To meet the unique challenges tobacco represents to sustainability and social responsibility, panelists called for a joint approach with unified standards.
What investors want
Investors too are increasingly interested in sustainable growth. Thus far, tobacco stocks have hardly been associated with environmental, social and governance (ESG) criteria. Benefiting from an addictive, highly profitable and recession-resilient product, they were valued primarily for being strong performers and offering generous dividends.
Over the past three years, however, most tobacco shares underperformed. While the combustible cigarette sector, despite risks such as increased regulation and declining smoking rates, has traditionally offered investors predictability, this has changed with tobacco companies’ stronger focus on NGPs. Developments over the next years are therefore difficult to predict, an analyst commented, but hopes are that investors will eventually get more comfortable with the uncertainty—and promise—of RRPs.
To become a more sustainable industry attractive to investors, panelists argued, the tobacco industry needs to be more regenerative and inclusive. The pace of its transformation toward harm reduction will also be important. Tobacco companies need to involve consumers, hear what they want and offer them more choice.
The Foundation for a Smoke-Free World’s Tobacco Transformation Index, which debuted shortly before the GTNF, was considered a good starting point. As a benchmarking exercise, it could become an incentive for companies to accelerate innovation in NGPs.

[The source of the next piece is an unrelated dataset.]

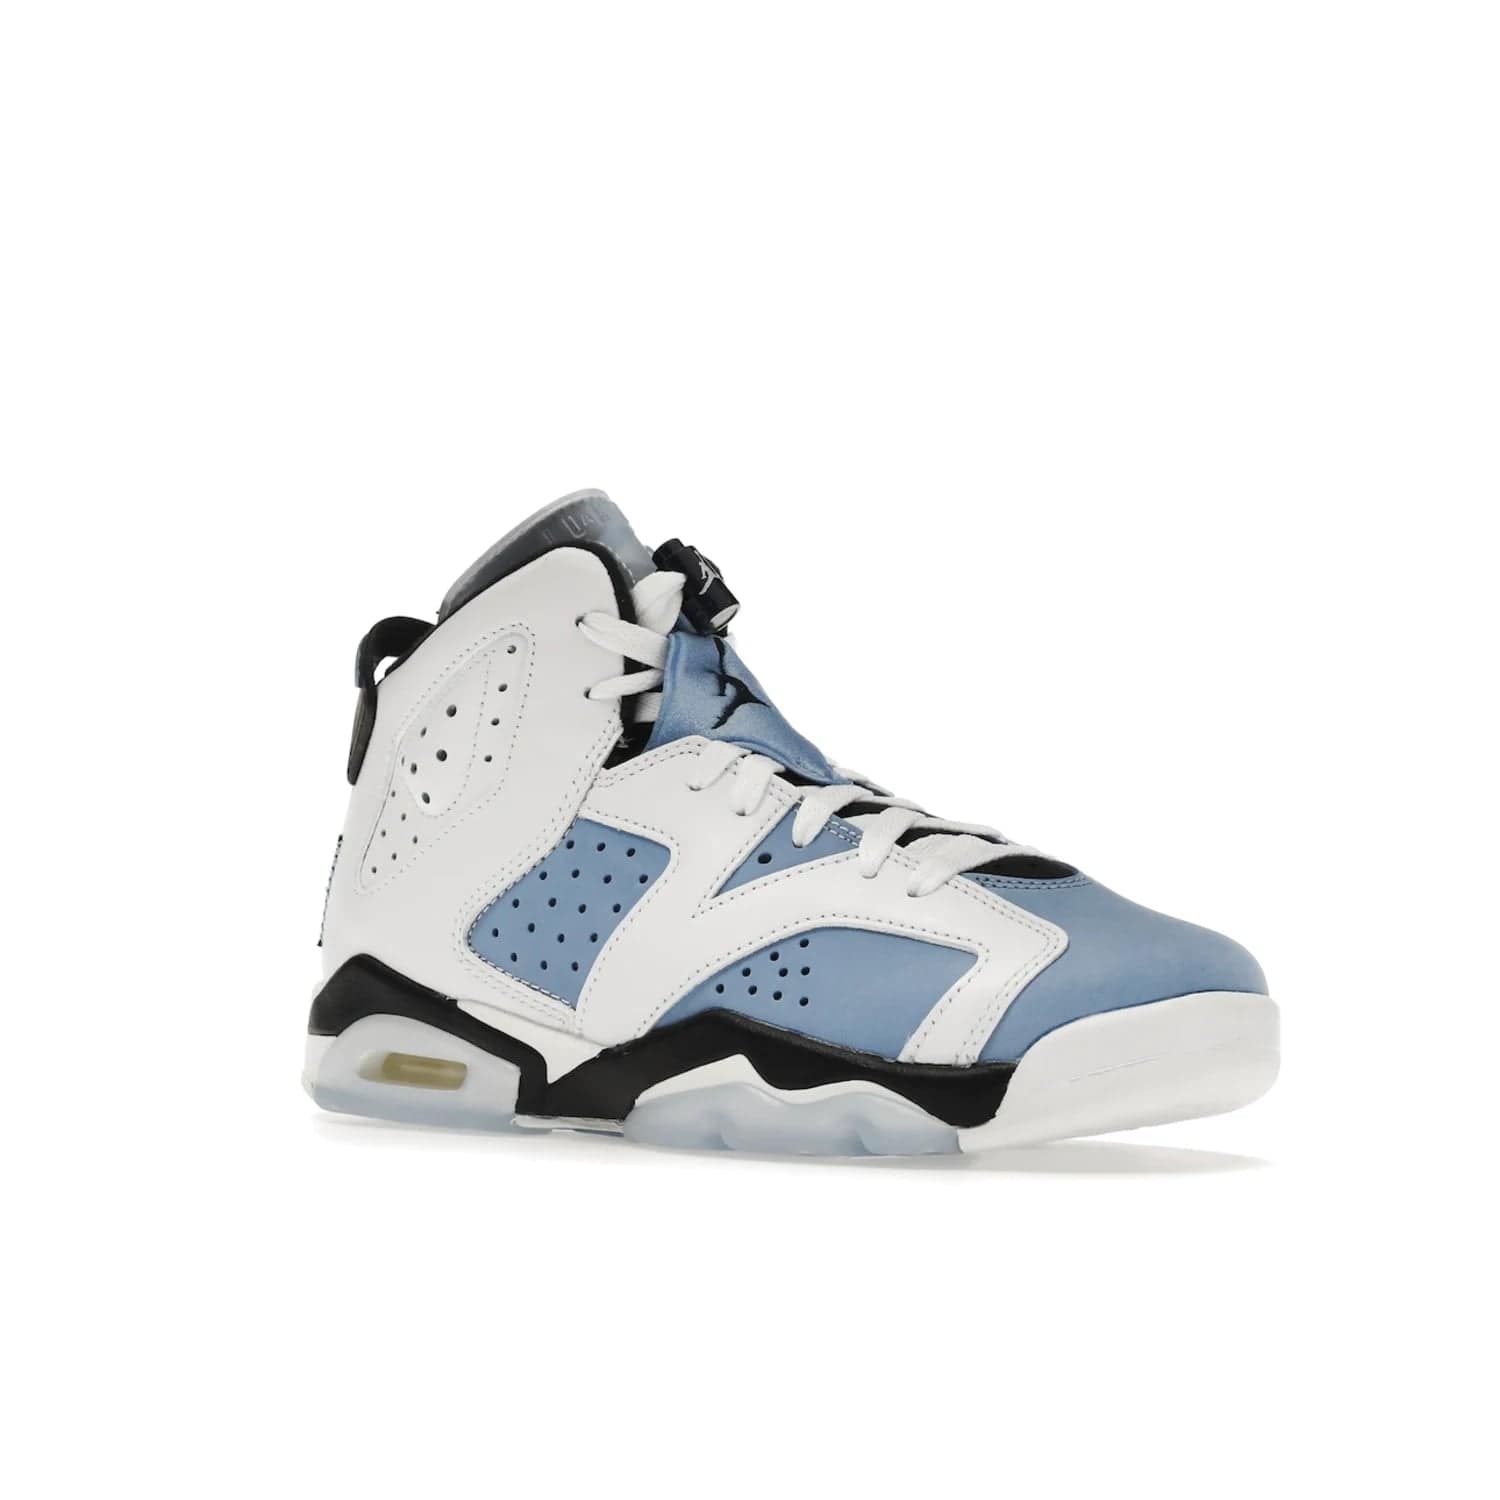 Jordan 6 Retro UNC White (GS) - Image 5 - Only at www.BallersClubKickz.com - Air Jordan 6 Retro UNC White GS: Michael Jordan alma mater, UNC Tar Heels, featuring colorway, nubuck, leather, Jumpman branding and a visible Air unit. Translucent blue/white outsole, perfect for completing sneaker rotation.

While both RRPs and a sensible regulatory framework are expected to come to most countries eventually, it remains limited to developed countries for the time being. Only once developed markets mature for these products are companies likely to start looking for new, emerging markets.
Channeling innovation
Innovations will be the crucial factor in the tobacco sector’s journey toward risk reduction. While the next big innovation in NGPs is impossible to predict, panelists agreed that e-cigarettes have revolutionized the consumption of nicotine, bringing about a realm of new developments in a short time compared to decades of stagnation in the combustible cigarette segment. In contrast to the early years when much innovation came from consumers, the leading companies are now the source of novel developments. Advances are expected in heating technology, prevention of youth access and automation of the manufacturing process, which would make RRPs more affordable.
Regulations and enforcement are essential in the transition toward harm-reduced tobacco products, but they also risk stifling innovation. Speakers cited the FDA’s approval process for novel tobacco products in the U.S.—on the one hand, the costly, long-winded authorization procedures are expected to drive smaller vapor companies out of business. Innovation in the future, a panelist argued, will focus more on demand of the existing consumers and follow FDA approval requirements. On the other hand, regulation will also allow companies to plan innovation rather than rush into something, making market entry a more meaningful, thought-through process.